2023年10月10日火曜日

食べる映画(その2)「コックと泥棒、その妻と愛人」

 「The Cook,  the Thief,  His Wife and Her Lover」


奇才ピーター・グリーナウェイの「コックと泥棒、その妻と愛人」は、「食べること」をテーマにした映画。この間紹介した「バベットの晩餐会」や「ショコラ」などが、キリストがパンを分け与えるように「食べること」の”聖性” を題材にした映画だったが、これは正反対で、欲望のまま食べる醜さを露悪的に描いている。
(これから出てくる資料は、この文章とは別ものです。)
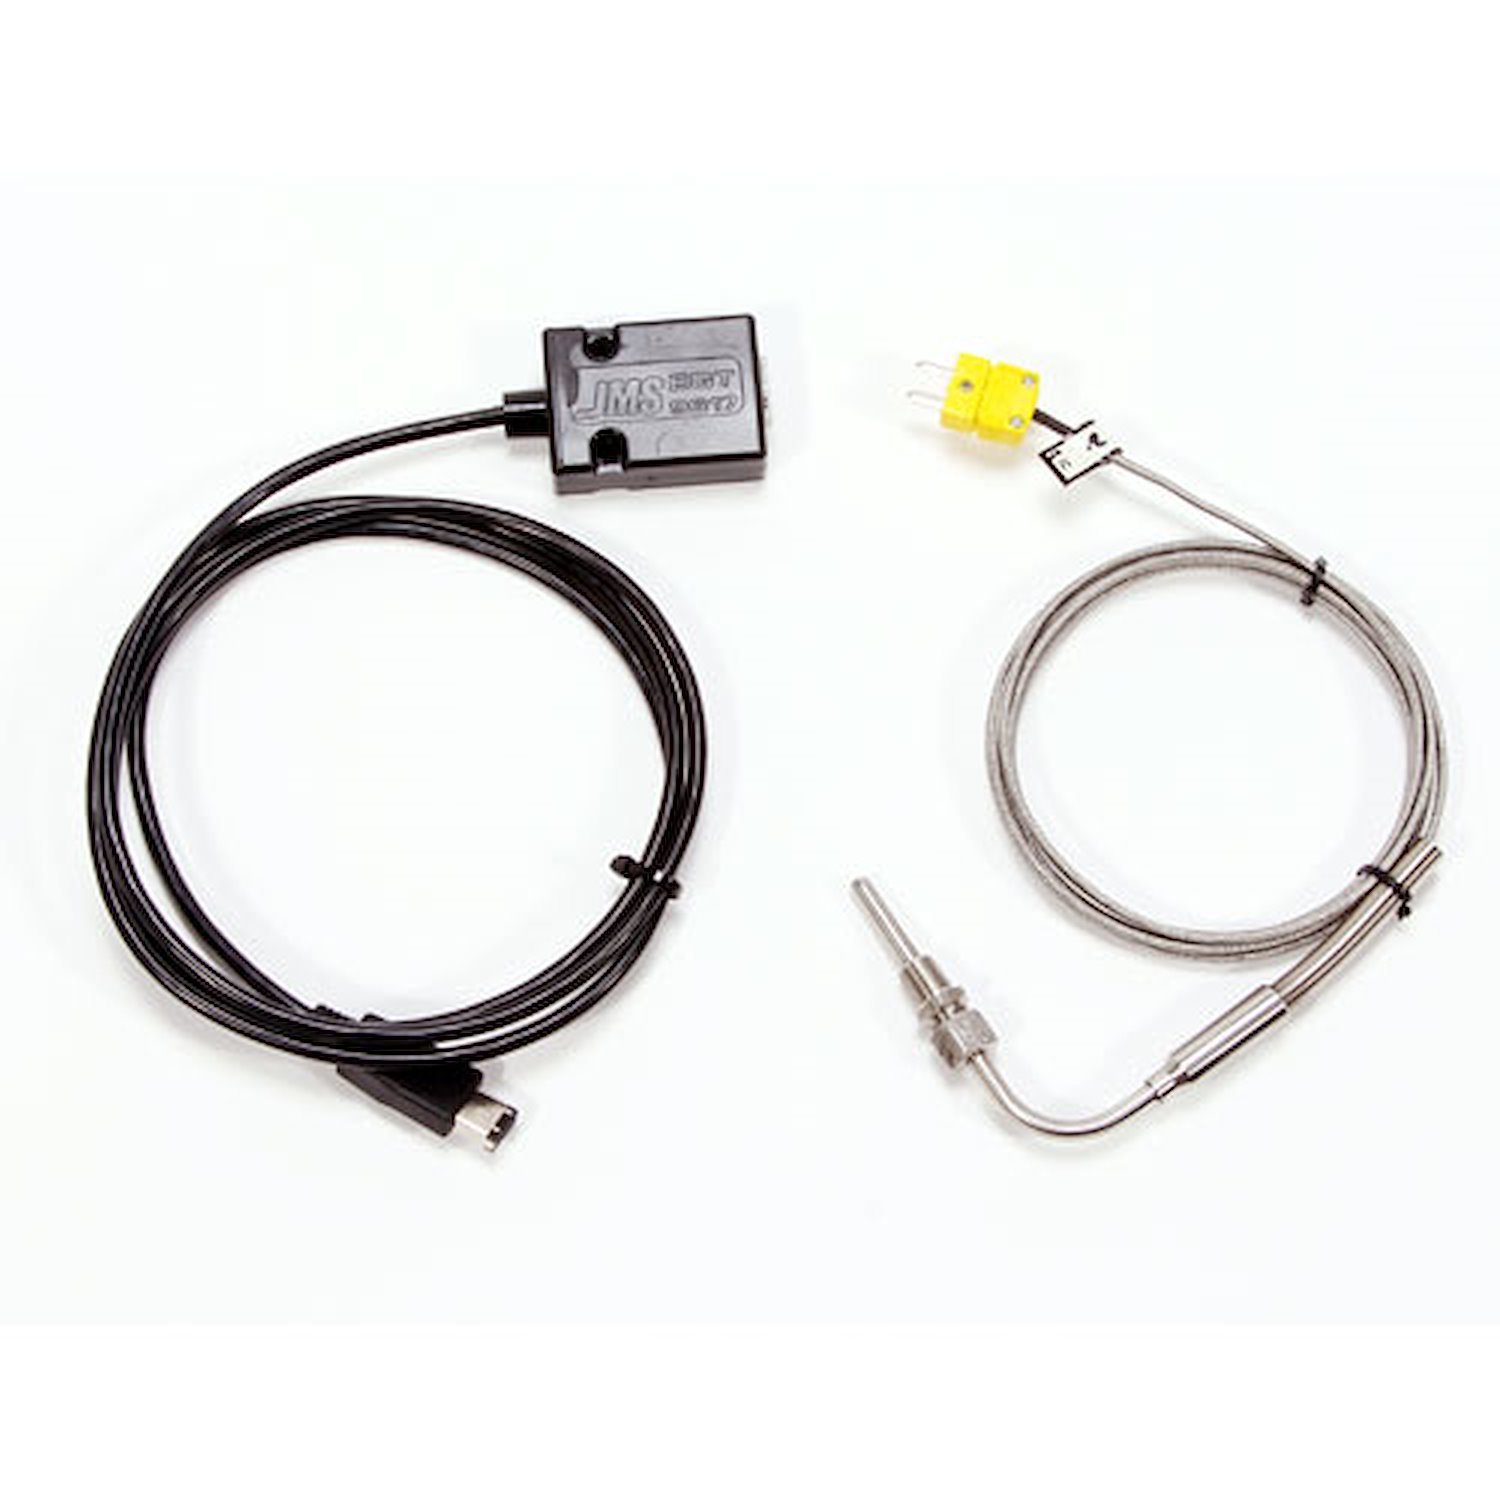 Exhaust Gas Temperature Sensor Kit Fits SCT Programmers & Monitors w/ Firewire Analog Connections
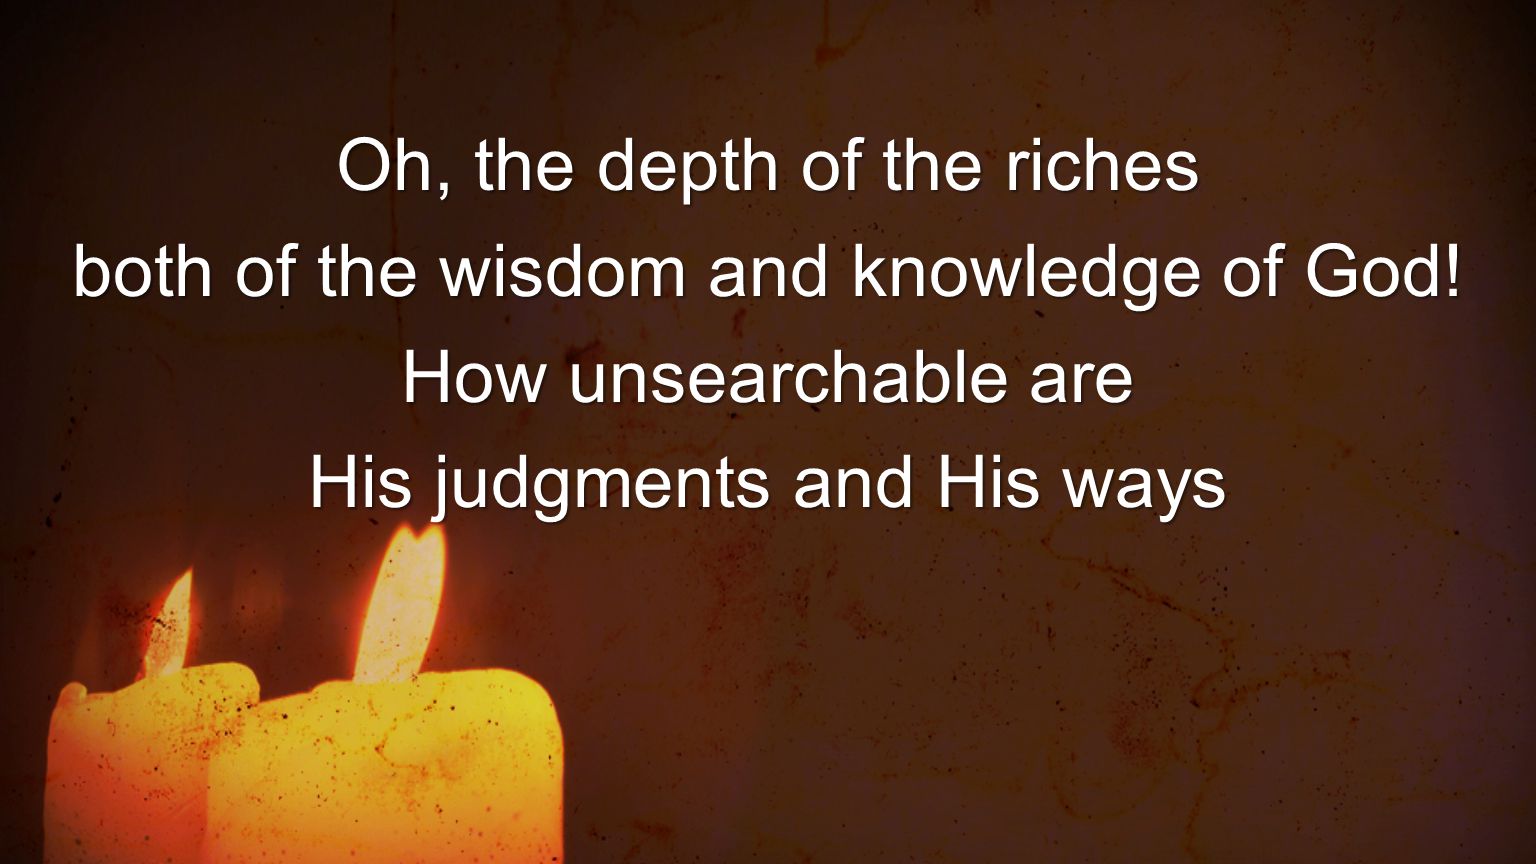 Oh, the depth of the riches both of the wisdom and knowledge of God!

主人公の男は豪華レストランのオーナーなのだが、自分が客席で料理をガツガツと食いながら、口汚い言葉で悪口雑言をわめき散らしまくる。自分の妻に暴力をふるい、やがて発覚した妻の愛人にも暴力をふるい・・・最後は妻が自分で依頼してコック長に作らせた”特別な料理” を男に振る舞う。それを妻から無理やり食わされるのだが、その料理とは・・・

映像もユニークで、画面に奥行きがまったくなく、横長の画面に登場人物が横一列に広がっていて、演劇の舞台のようだ。だから普通の映画のように、見る人が中に入っていくような没入感がなく、観客は第3者的に外から見ることになる。登場人物たちを愚かな人間として、さげすむような目で描くという意図だろう。


上の場面で注目すべきは、後ろの壁にある絵で、17 世紀のオランダの巨匠フランス・ハルスの「聖ゲオルギウス市警備隊の士官たちの晩餐」という作品(下図)で、品格のある名士たちの会食を描いている。共に食事をすることで、仲間同士の結束を確かめるという、古来からの「食べること」の意味を描いている絵だ。この絵と対比させることで、手前にいる人間たちの粗野さを皮肉ろうというのが、グリーナウェイ監督の意図だろう。